What both parties soon discovered was a great alignment in both philosophy and action. For Pete, and indeed for GRIDSERVE CEO Toddington Harper, delivering sustainable energy is more of a vocation than a 9-5. Pete’s day job may have been focussed on renewable energy systems, with vastly complex projects including the development of a solar-powered drone for Facebook with the wingspan of a Boeing 737, or the deployment of an off-grid telecommunications system for Papua New Guinea.

However, back home and in his spare time, Pete can be found sitting on the expert panel of the Faraday Institute, discussing new research topics on the engineering advisory boards of Bath and Bristol University or helping to establish the UK’s largest community-owned solar project, the Westmill solar co-operative.

GRIDSERVE has since acquired Silver Power Systems and Pete is assembling the team behind GRIDSERVE Technologies. But with so much to do, where does one start?

“Our priority is to deliver the world’s best EV charging service,” he states unequivocally. While the EV industry is a relatively new one, a lack of common standards and interoperability between different systems can often lead to unsatisfactory experiences for EV drivers when using the public charging network. It’s something that all charge point operators are working on in collaboration via ChargeUK, but it is hoped that the research conducted by GRIDSERVE Technologies will be able to inform industry best practice.

The GRIDSERVE Innovation and Operations Centre (GIOC)

At the heart of this plan is an all-new centre of excellence called the GRIDSERVE Innovation and Operations Centre (GIOC). Currently in construction, the GIOC will feature an indoor EV charging laboratory where Pete’s team will be able to test dozens of vehicles for interoperability and blend this information with real-time data collected across the tens of thousands of charging sessions taking place each month along the GRIDSERVE Electric Highway.

“Improving areas like data visualisation, the first-time success rate of using our chargers or deploying more remote diagnostics for better maintenance, will all help drive continuous improvement and boost consumer confidence,” he says with a matter-of-fact delivery that’s both natural and logical. Even within this temporary set-up, all of all these components are being prototyped and within our grasp.

Next up is EV leasing. Pete’s background may be in telco, but he likes his cars and is a self-confessed battery boffin. Although he has no plans to convert the 1928 Austin Seven he regularly enters into competitive vintage trials, he has developed battery management systems for multiple modern vehicles across multiple industries and spent time in Japan and Korea on battery production lines.

“We’re passionate about improving the performance and lifespan of electric vehicles and we want to help manage the health of a car’s battery to ensure drivers can travel sustainably for longer,” he explains.

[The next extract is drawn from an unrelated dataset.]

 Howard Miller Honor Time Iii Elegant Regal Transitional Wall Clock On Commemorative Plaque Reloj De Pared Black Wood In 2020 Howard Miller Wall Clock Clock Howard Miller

Electric vehicle batteries will degrade at different rates depending on a multitude of factors including the environment they’re used in, how they’re driven, plus the charging frequency and type, which is why Pete’s team are in the process of developing diagnostic software that will be able to monitor the health of an electric vehicle’s battery.

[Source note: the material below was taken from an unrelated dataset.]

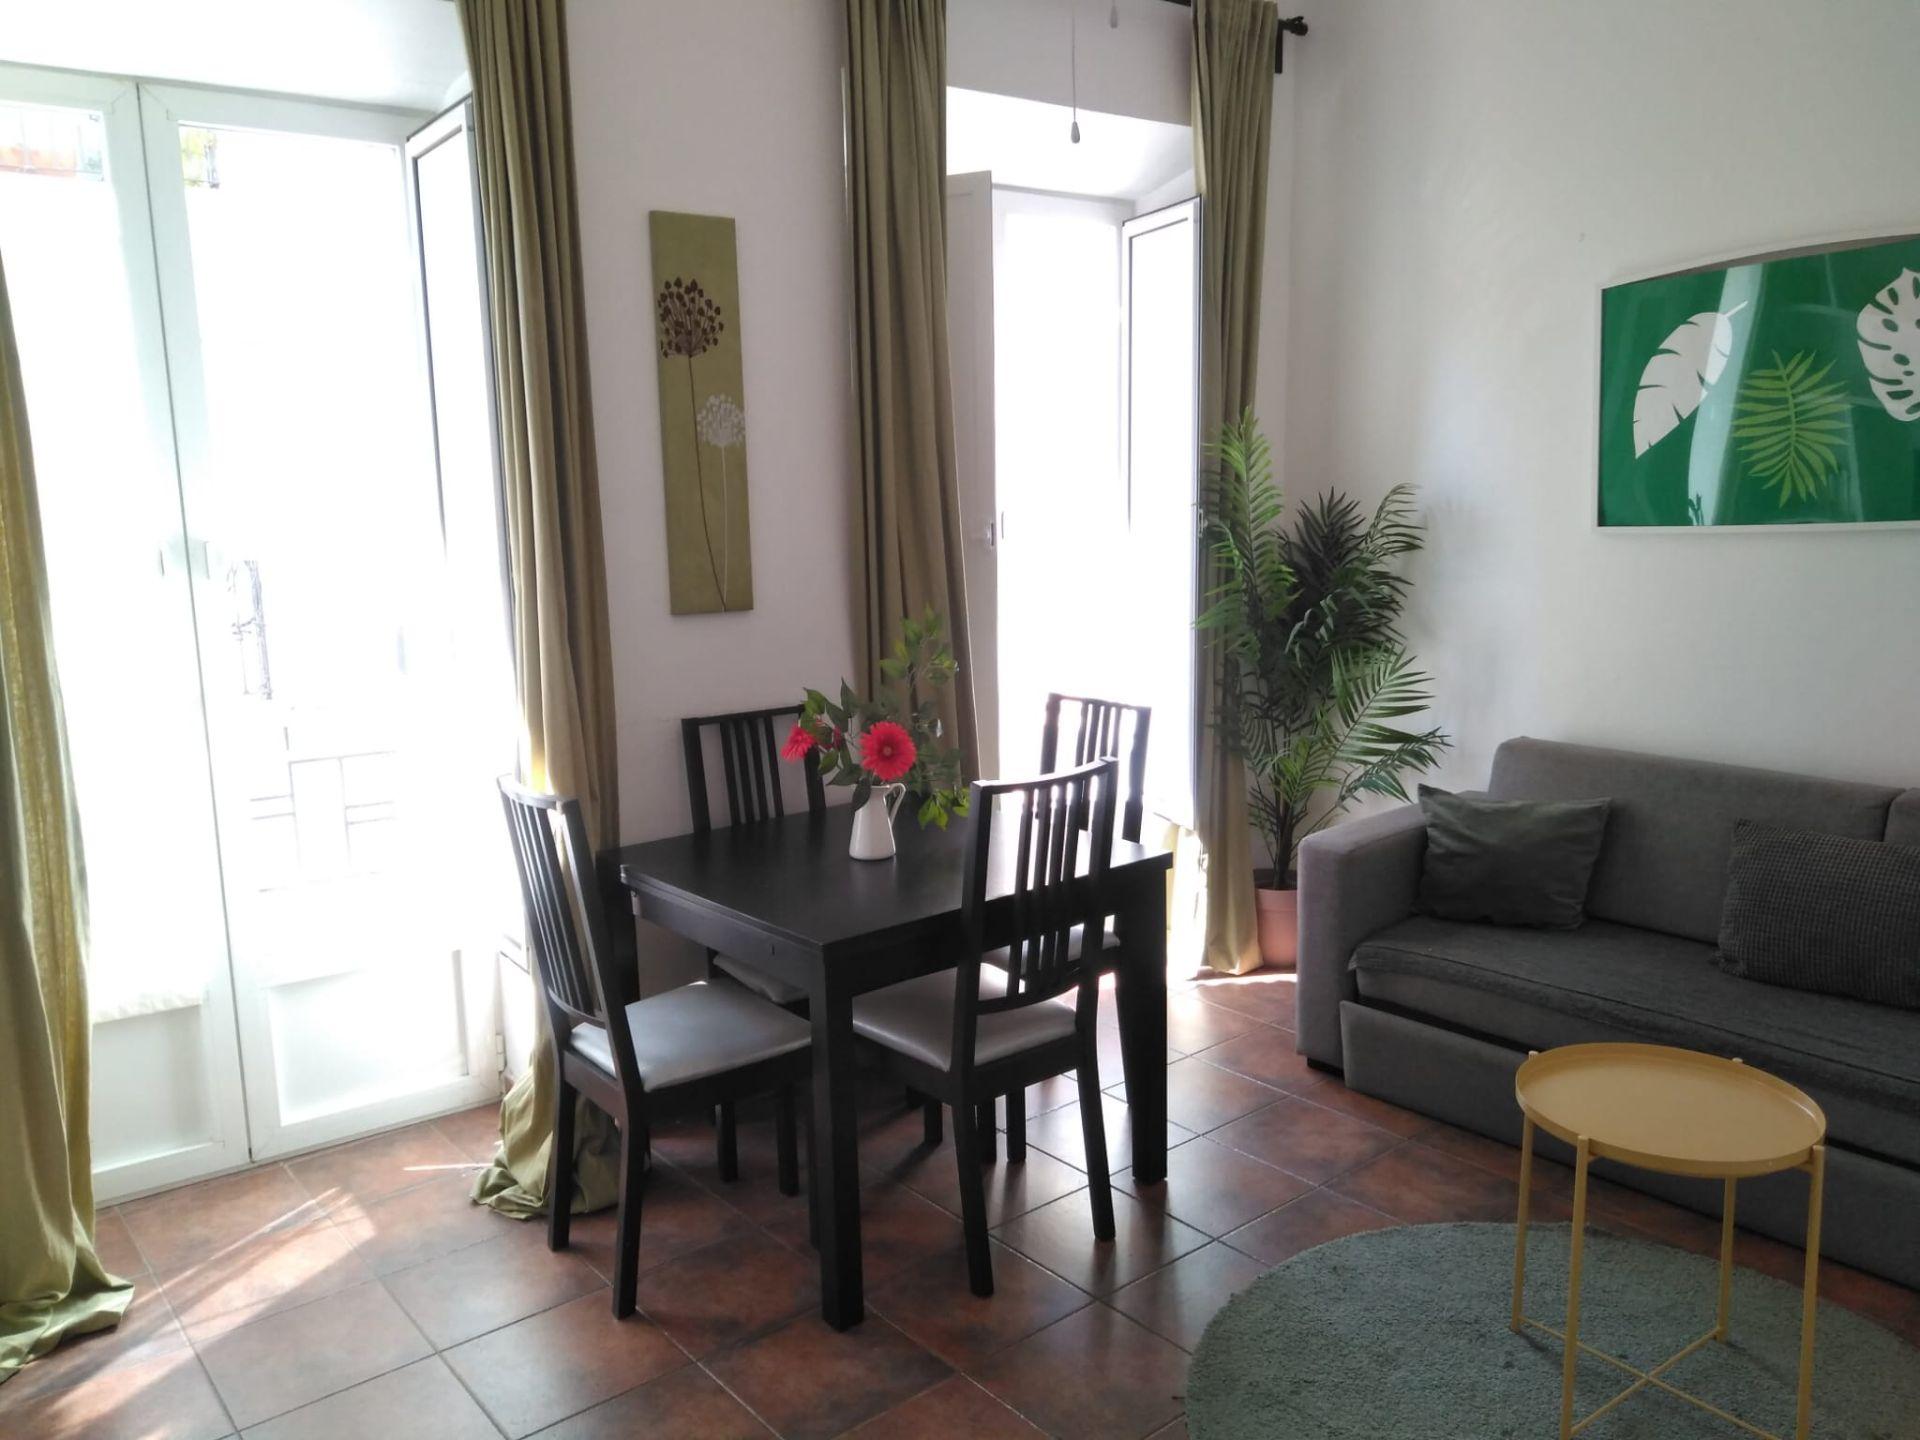 Piso en Málaga, TEATRO CERVANTES, alquiler

Even better, machine-learning algorithms will be used to predict the future degradation of the battery based on present usage patterns. “That information could be shared with the driver, so they could make changes to their behaviour today that improves battery health tomorrow. And that means increased longevity and residual value.”

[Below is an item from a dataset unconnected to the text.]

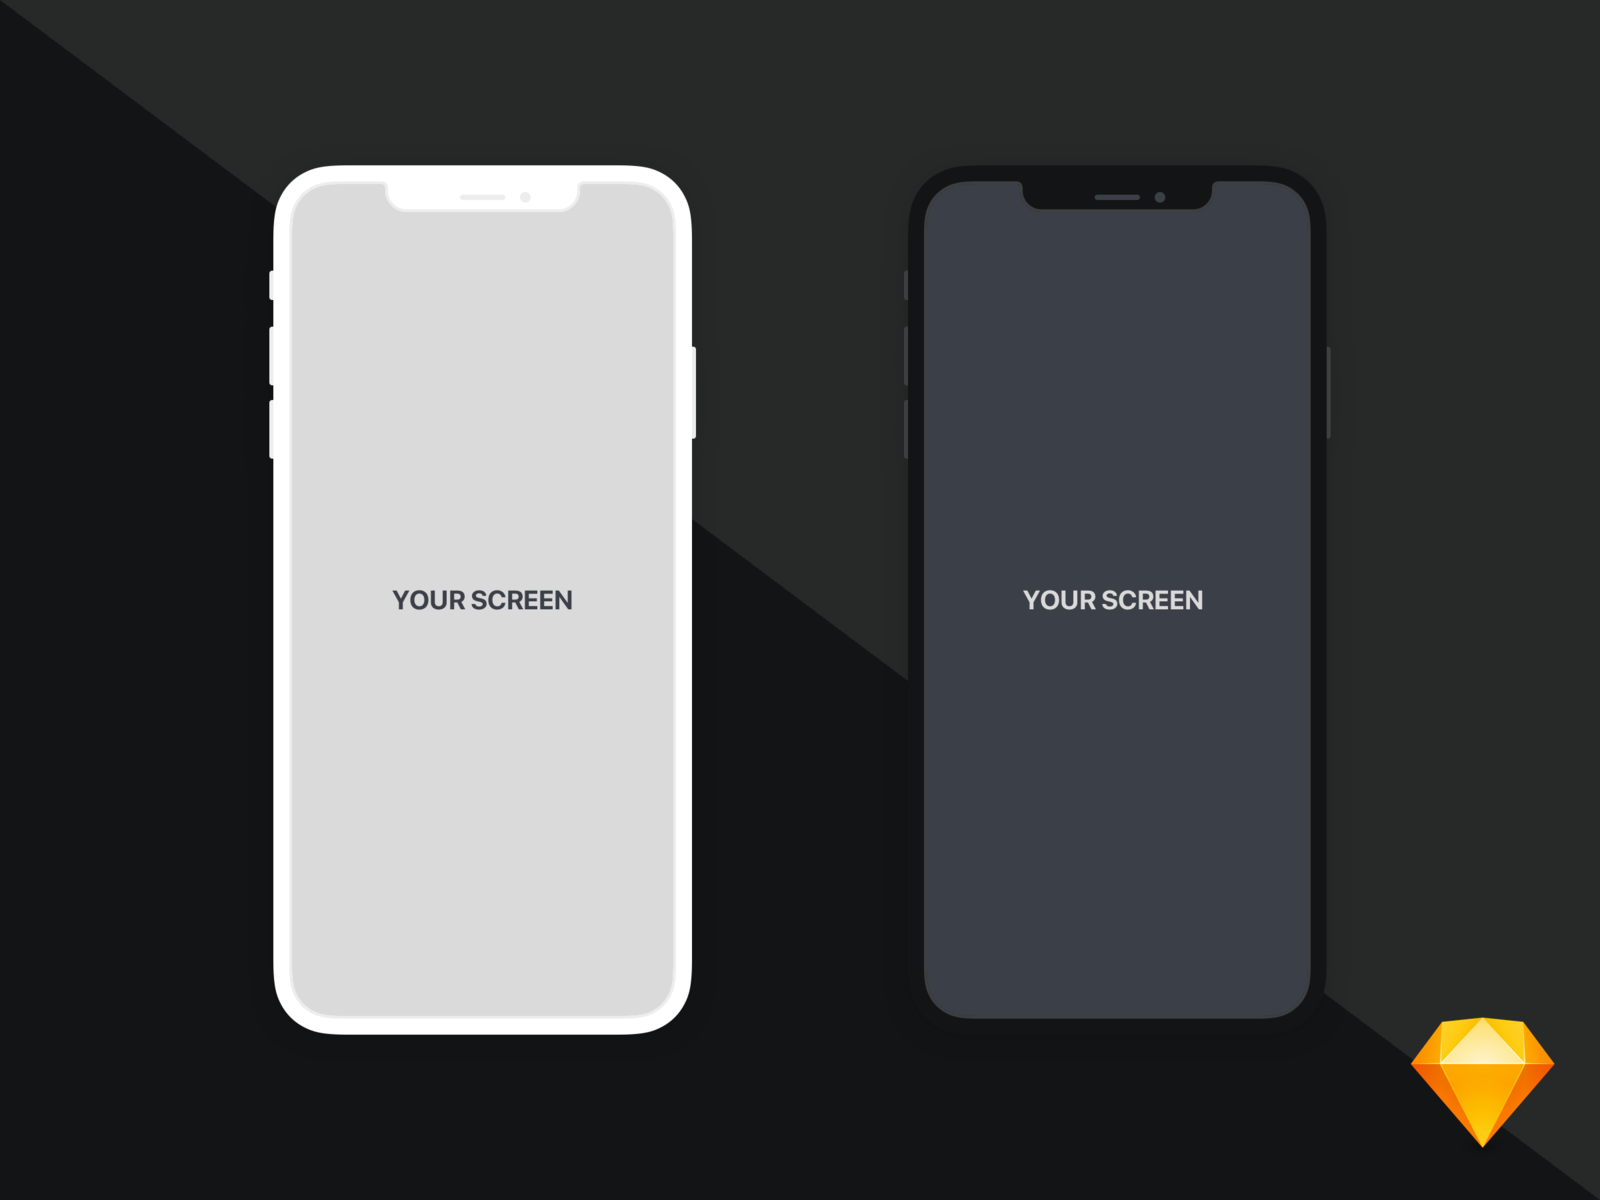 Mobile Phone Replenishing Mobile Desktop Mobile Banking Iphone7 Flat Banking Smartphone Apple Iphone10 Iphonex Iphone A Iphone Mockup Iphone Mockup Free Iphone

After brief discussions on electric classic car conversions, micro-grids and Pete’s pinky promise to build us a solar-powered ice cream stall before the summer is out, our time with the main man is up and he must leave, probably to hatch another scheme for greatness. Our visit may have only just begun to scratch the surface of the potential on offer here, but it’s clear that GRIDSERVE Technologies will soon be creating ripples throughout the industry. We’re looking forward to the ride.